Mit »›Blüten‹ aus dem KZ – Die Falschgeldaktion ›Operation Bernhard‹ im Konzentrationslager Sachsenhausen« hat Florian Osuch, Diplom-Ingenieur für Drucktechnik, ein Buch vorgelegt, dessen Inhalt bereits im Film »Die Fälscher« dargestellt wurde. Die Faschisten zwangen zwischen 1942 und 1944 bis zu 142 jüdische Facharbeiter des grafischen Gewerbes, im Konzentrationslager Sachsenhausen britische Banknoten zu fälschen. Die Produktion der »Blüten« im Wert von insgesamt 134 Millionen Pfund Sterling wurde nach dem Chef der Fälscherwerkstatt, SS-Sturmbannführer Bernhard Krüger, »Operation Bernhard« genannt.

Florian Osuch ist es im Rahmen seiner Recherchen gelungen, Gespräche mit zwei ehemaligen Häftlingen des KZ Sachsenhausen zu führen, die in der Fälscherwerkstatt gearbeitet haben. In seinem Buch geht er erstmals auf die historisch-politische Dimension der Fälscherwerkstatt ein und beschreibt den Widerstand der Drucker und Graveure unter den Bedingungen der KZ-Haft. So versuchten die Mitarbeiter der Falschgeldwerkstatt, die zum Teil bereits zuvor im antifaschistischen Widerstand aktiv gewesen waren, die »Operation Bernhard« zu sabotieren, was bei Enttarnung zur sofortigen Exekution geführt hätte.

Im ausführlichen Anhang des Buches sind neben einem detaillierten Literaturverzeichnis auch persönliche Erklärungen von Opfern und Tätern sowie ein Interview dokumentiert, das Osuch mit dem KZ-Häftling Adolf Burger, dessen Geschichte 2006 im Spielfilm »Die Fälscher« aufbereitet wurde, für die Tageszeitung junge Welt geführt hat.

Wie im Westen der Bundesrepublik üblich, fand eine juristische Aufarbeitung der »Operation Bernhard« nicht statt, konstatiert Osuch.
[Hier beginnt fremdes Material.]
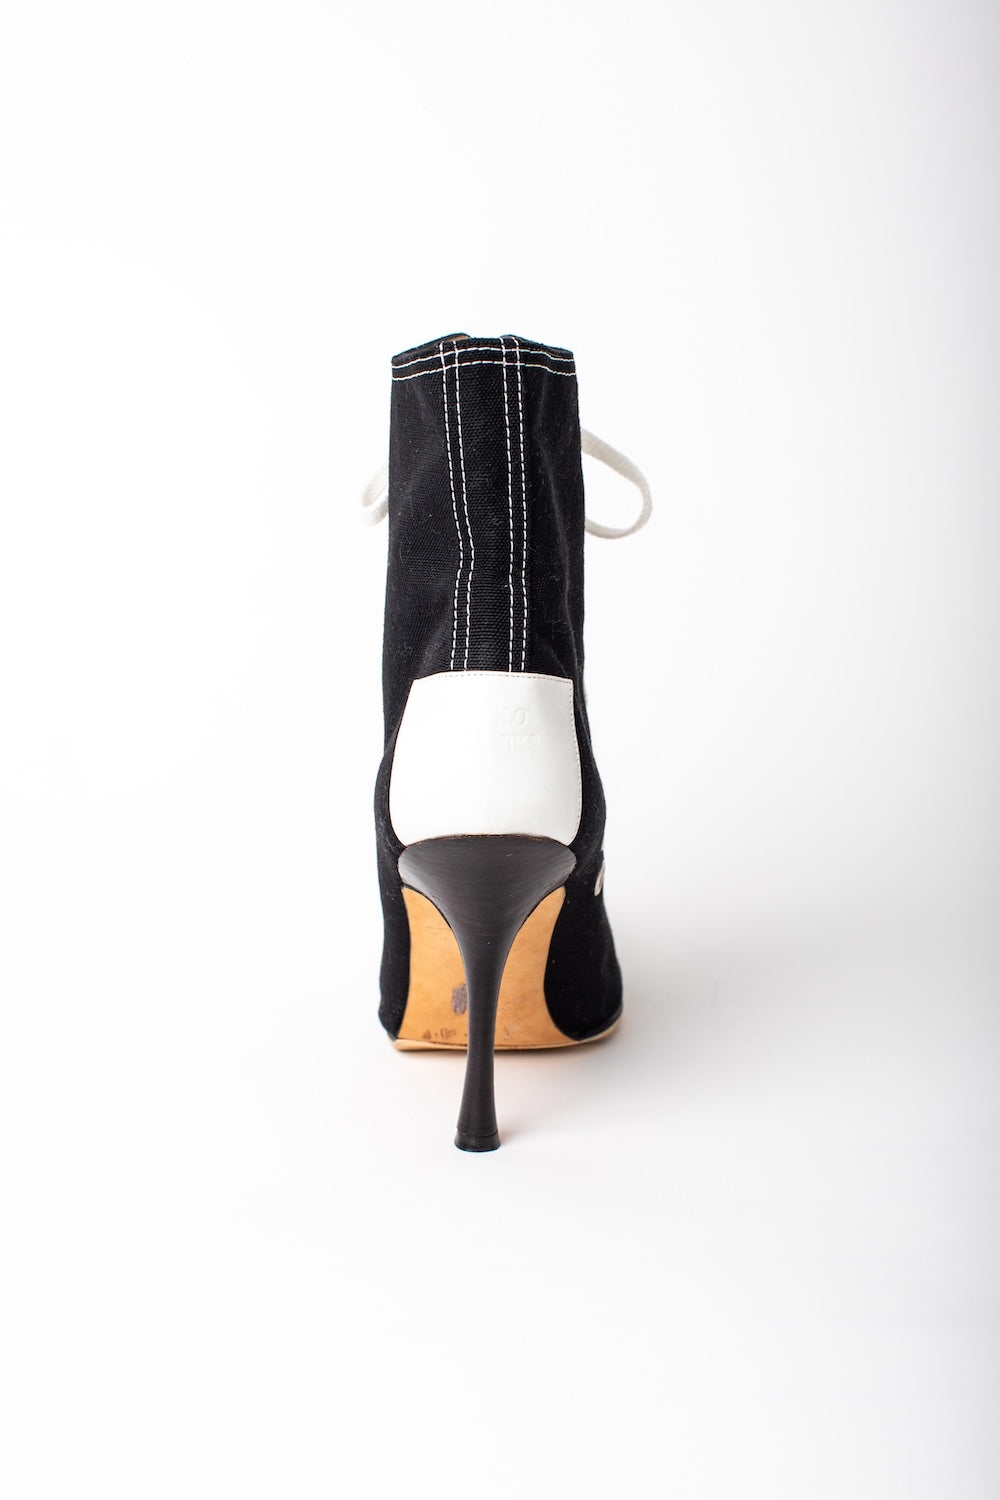 Manolo Blahnik <br> Y2K lace up sneaker stiletto boots

Nach bisherigem Erkenntnisstand habe sich nicht ein einziger der Naziverbecher, die die Falschgeldproduktion und die Ermordung daran beteiligter kranker Häftlinge betrieben, vor Gericht verantworten müssen.

» ›Blüten‹ aus dem KZ« ermöglicht den Lesern einen interessanten Einblick in einen speziellen Bereich des antifaschistischen Widerstandes. Osuch verzichtet auf überflüssige Kommentare und stellt die Geschichte der an der »Operation Bernhard« gezwungenermaßen beteiligten Häftlinge mittels einer Fülle an Informationen dar, die auch den historischen Kontext erhellen. Das Buch bezeugt einmal mehr, dass es Menschen gab, die bereit waren Widerstand gegen die nazistische Barbarei auch unter den widrigsten Bedingungen und unter Einsatz Ihres eigenen Lebens zu leisten. Damit, dass er ihre Geschichte festgehalten hat, zollt Florian Osuch ihnen den unabdingbaren Respekt, der ihnen weiter gebührt.